Meinung zur Bundestagswahl
Die Hölle muss warten
Lars Hennemann
Jens Weber. MRV

Mit ein paar Tagen Abstand zur Asyl-Abstimmung und in einem persönlichen Blick auf Friedrich Merz zeigt sich: Die Demokratie hat nach wie vor alle Chancen. Manch eine Partei muss dafür aber unbequeme Wahrheiten zulassen und vor allem verbal abrüsten.

Wer mit Friedrich Merz persönlich spricht, erlebt einen Mann mit Manieren. Er lässt auch unbequeme Fragen zu. Fragen, die Journalisten stellen müssen, um sich einer Antwort zu nähern.
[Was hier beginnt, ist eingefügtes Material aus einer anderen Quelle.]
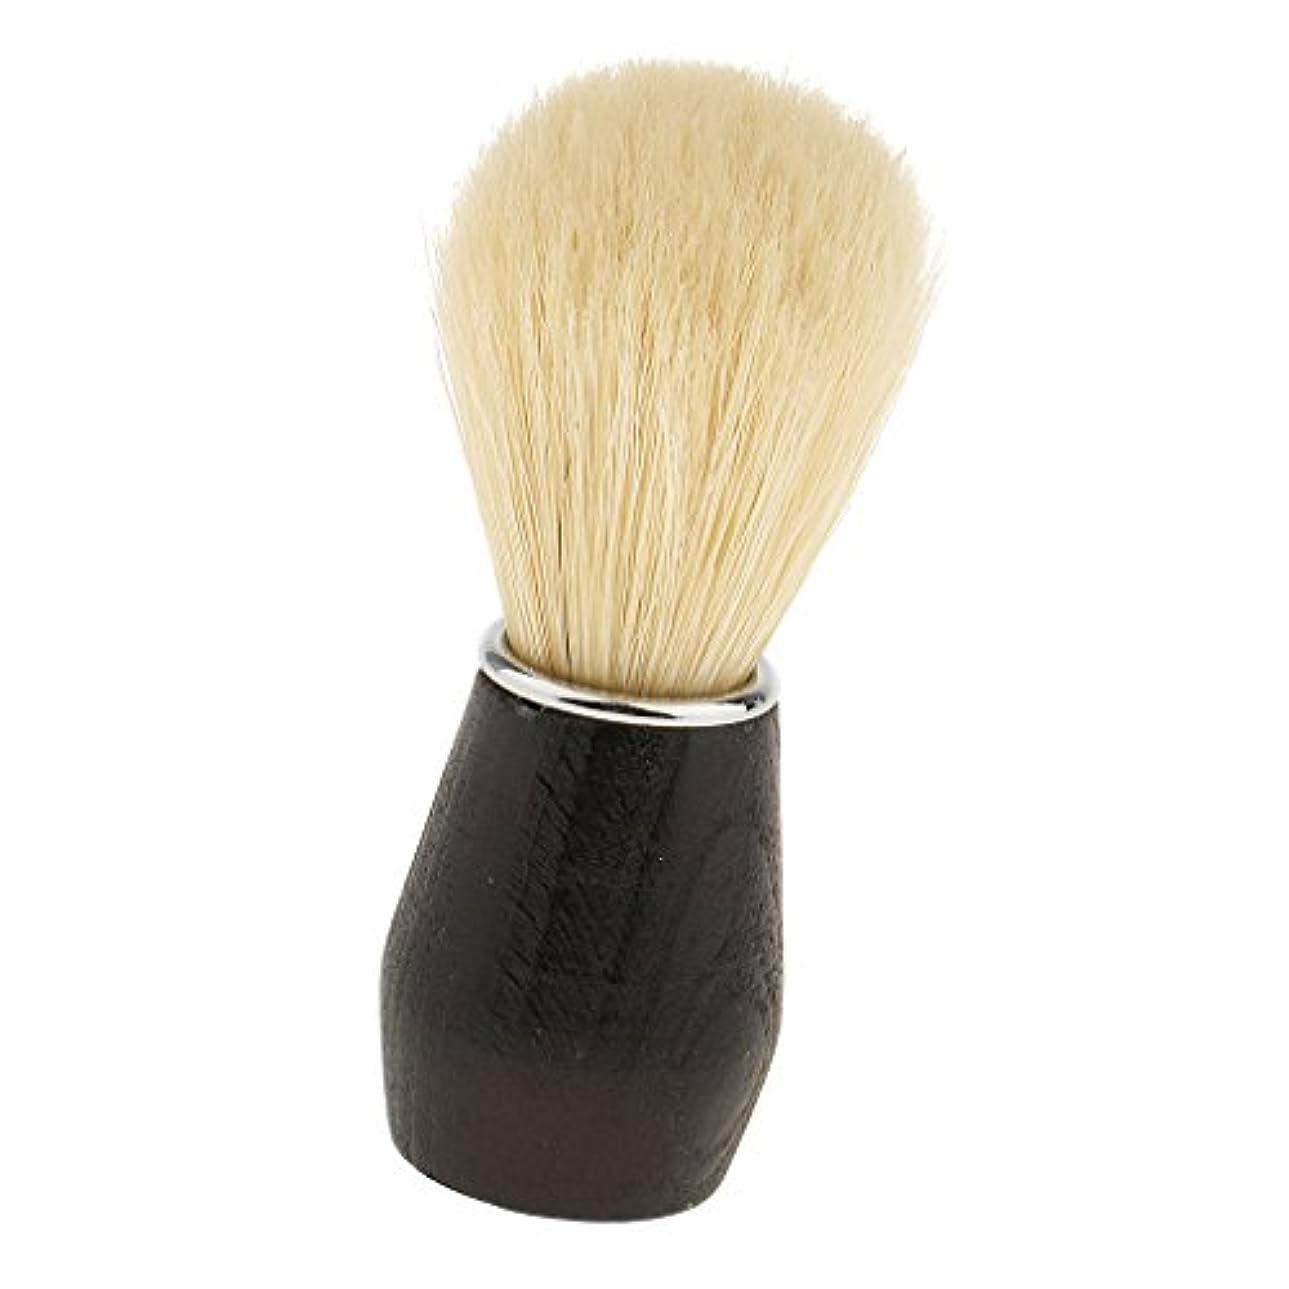 アスリートヨーグルト衣類sharprepublic シェービングブラシ ヘアシェービングブラシ 毛髭ブラシ 髭剃り 泡立ち メンズ ソフト 父のギフト

Einer Antwort, auf die viele warten, seitdem Merz in einem in der Geschichte der Bundesrepublik noch nie erlebten Manöver eine Mehrheit mit der in Teilen rechtsextremen AfD in Kauf nahm. Es ist die Antwort auf diese Frage: Wer ist dieser Mann wirklich?

Mit ein paar Tagen Abstand zu den denkwürdigen Tagen unter der Kuppel des Reichstagsgebäudes lässt sich sagen: Merz ist niemand, der das Tor zur Hölle geöffnet hat. Solche Äußerungen sind Wahlkampf-Polemiken vor allem der SPD, aber auch der Grünen, die ihr vermeintliches Glück kaum fassen konnten und prompt begannen, ihre absehbare Niederlage mit der gleichen Krawallrhetorik, mit der sie bereits seit dem Auseinanderbrechen der Ampel ihr politisches Entgleisen zu kaschieren suchen, doch noch verhindern zu wollen.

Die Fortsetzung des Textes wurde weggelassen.